■ Dataset records ■
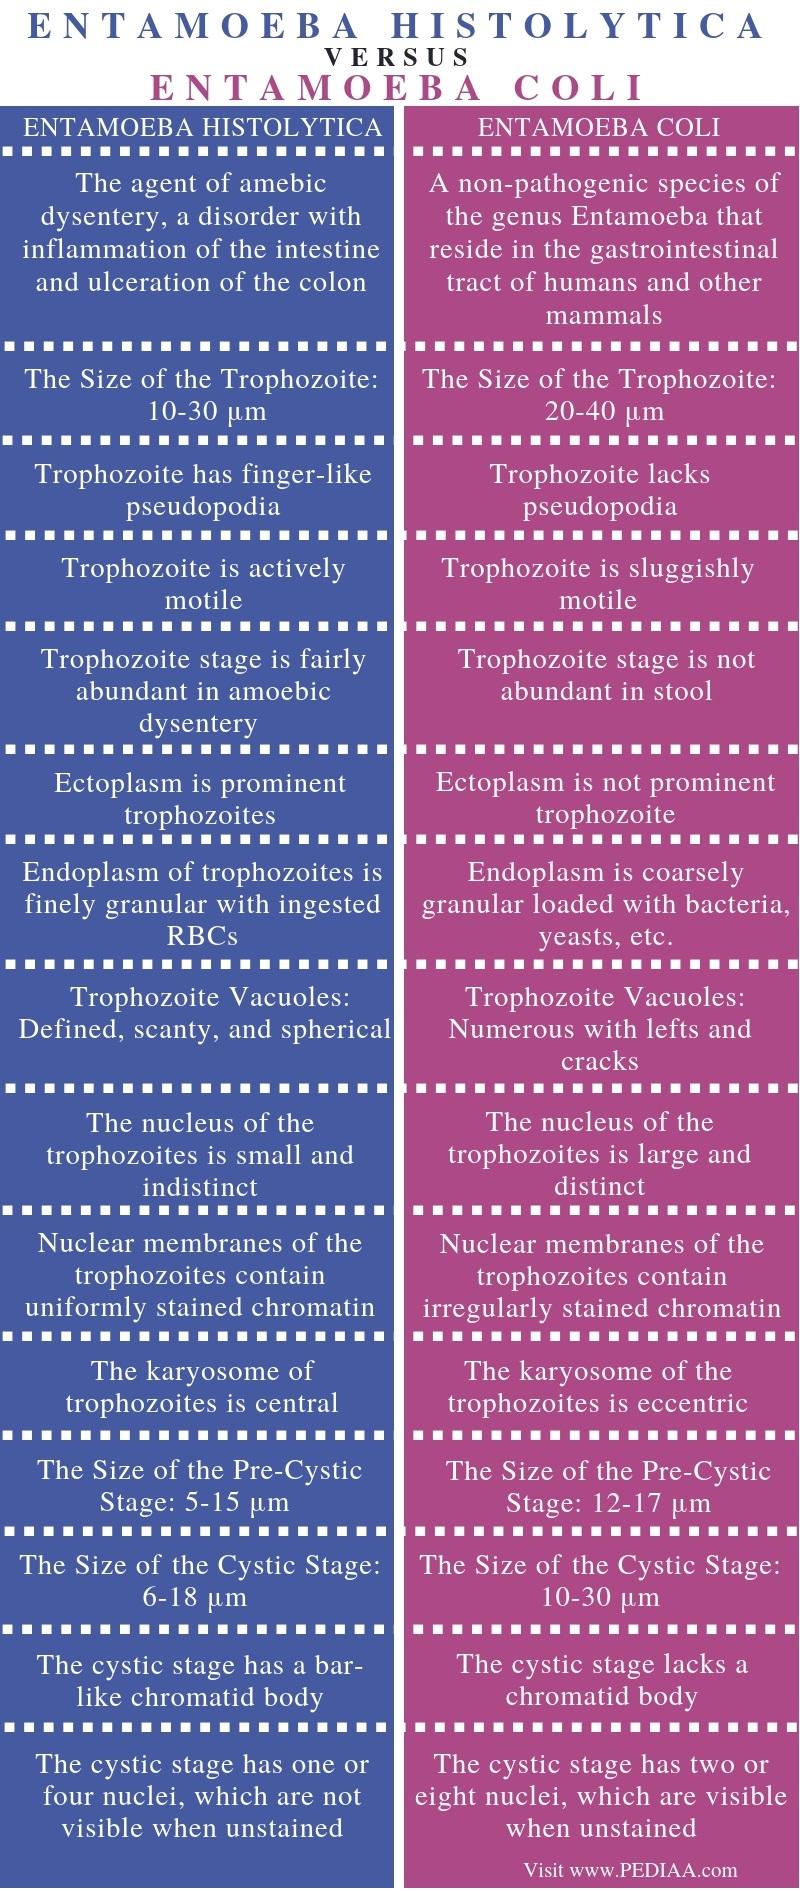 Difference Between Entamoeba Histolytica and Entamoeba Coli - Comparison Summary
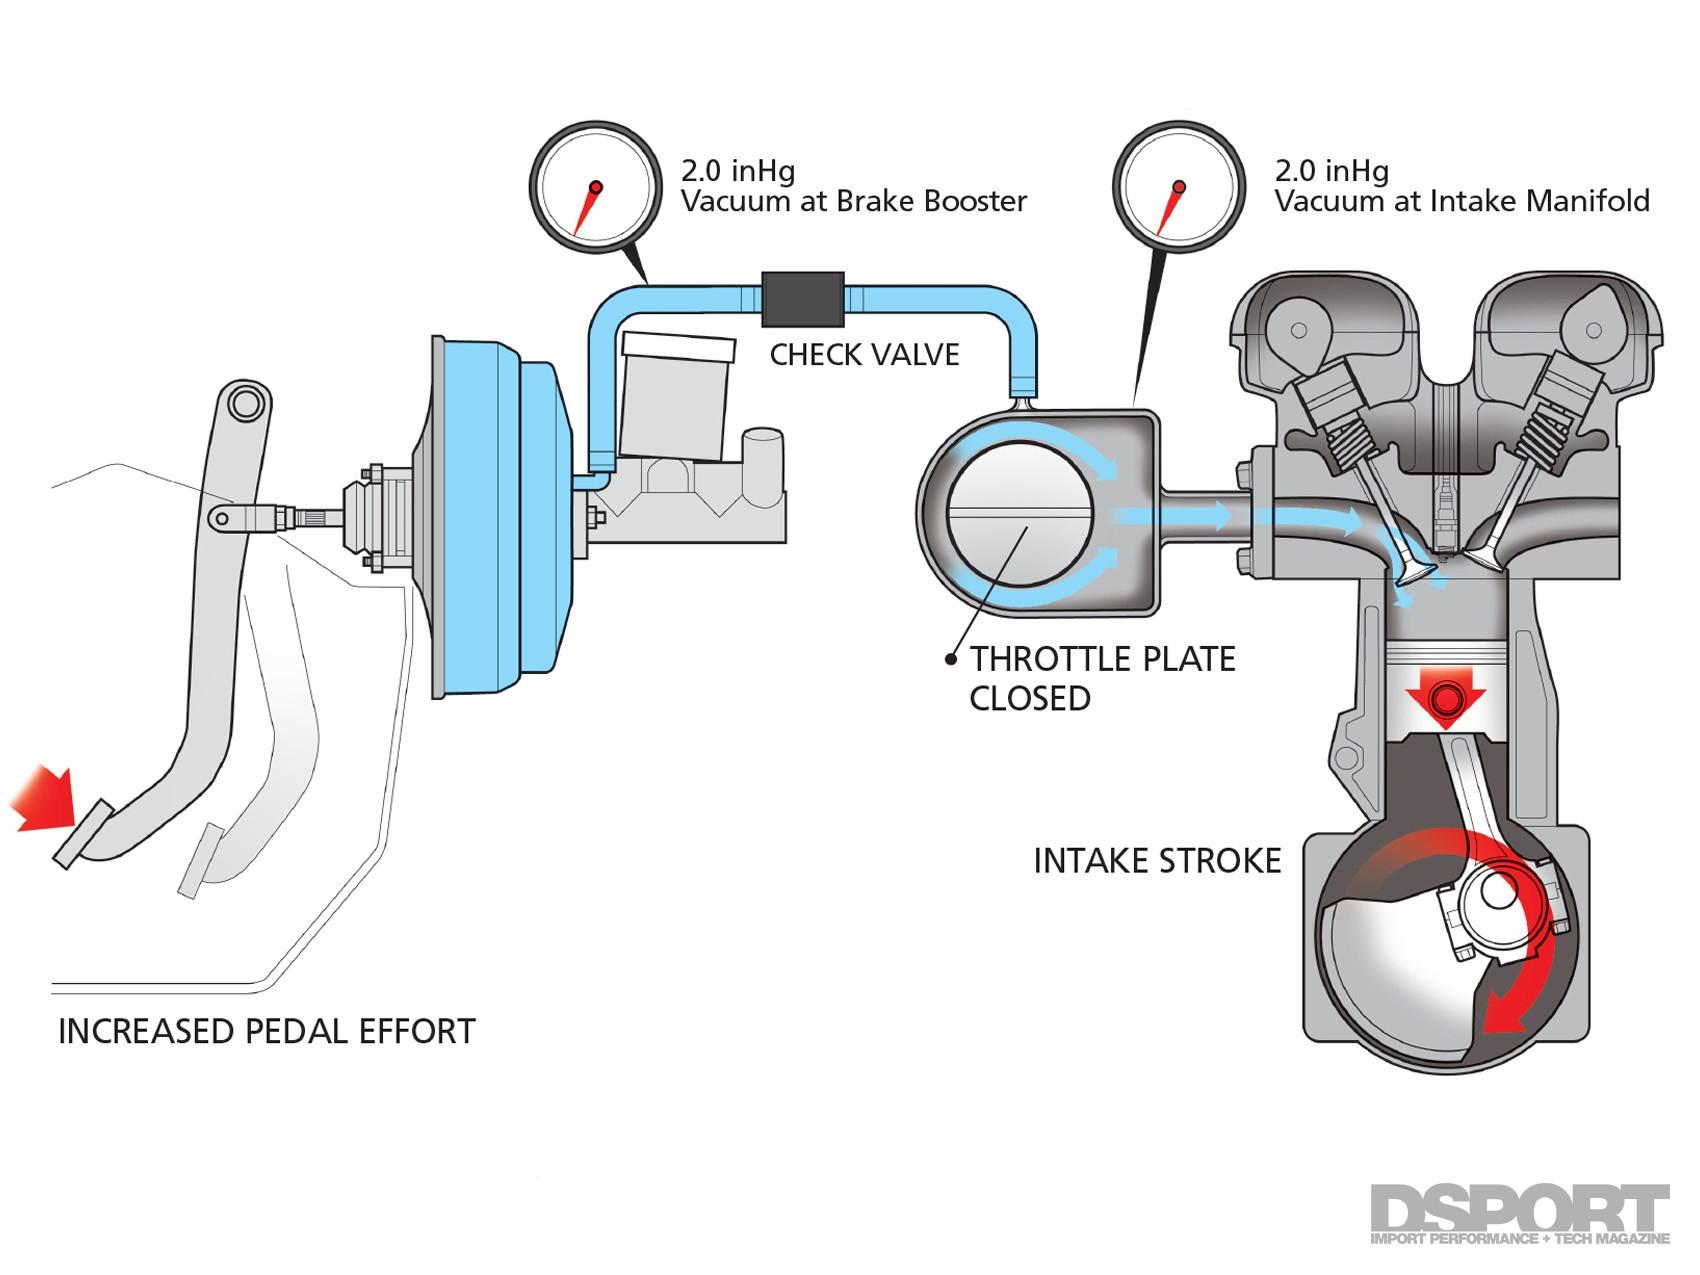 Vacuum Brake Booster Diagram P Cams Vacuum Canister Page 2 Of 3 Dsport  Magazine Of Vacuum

* * *

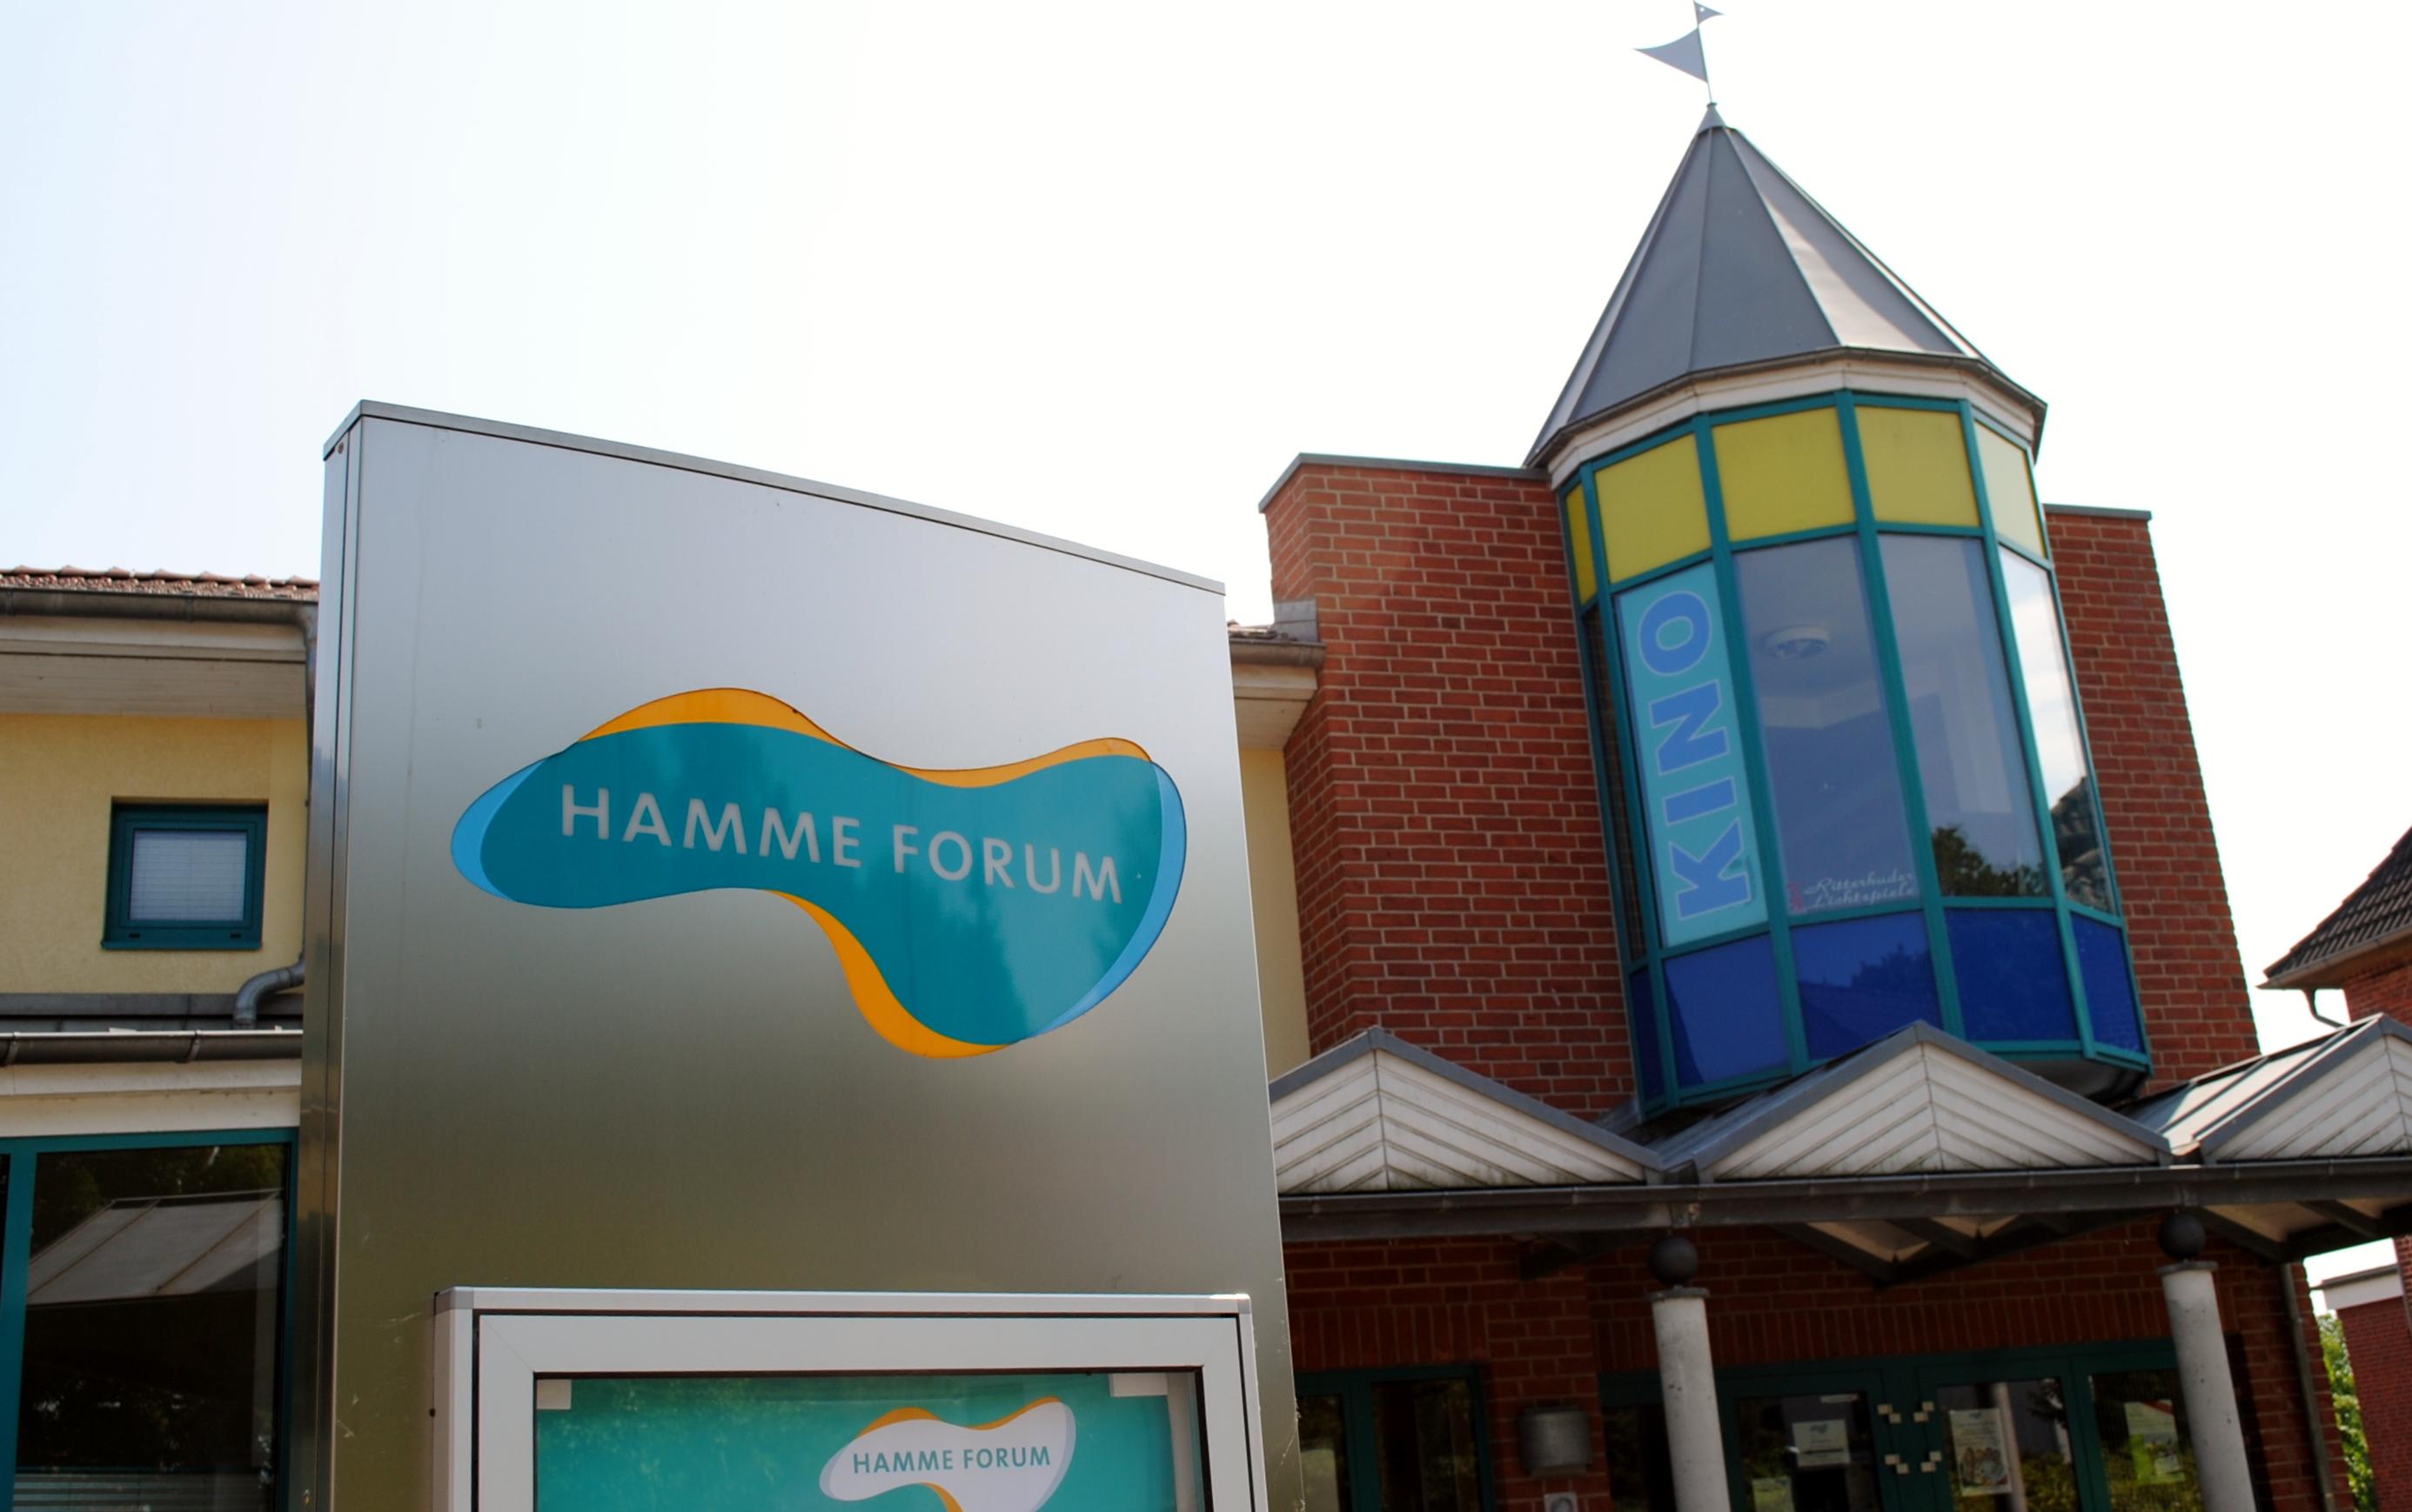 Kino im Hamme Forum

■ Work task ■
Copy the lines above exactly, starting at the one with "Difference Between Entamoeba" and ending at the one with "Vacuum Brake Booster", both included. Leave out any pictures and add nothing else.

■ Expected answer ■
 Difference Between Entamoeba Histolytica and Entamoeba Coli - Comparison Summary
 Vacuum Brake Booster Diagram P Cams Vacuum Canister Page 2 Of 3 Dsport  Magazine Of Vacuum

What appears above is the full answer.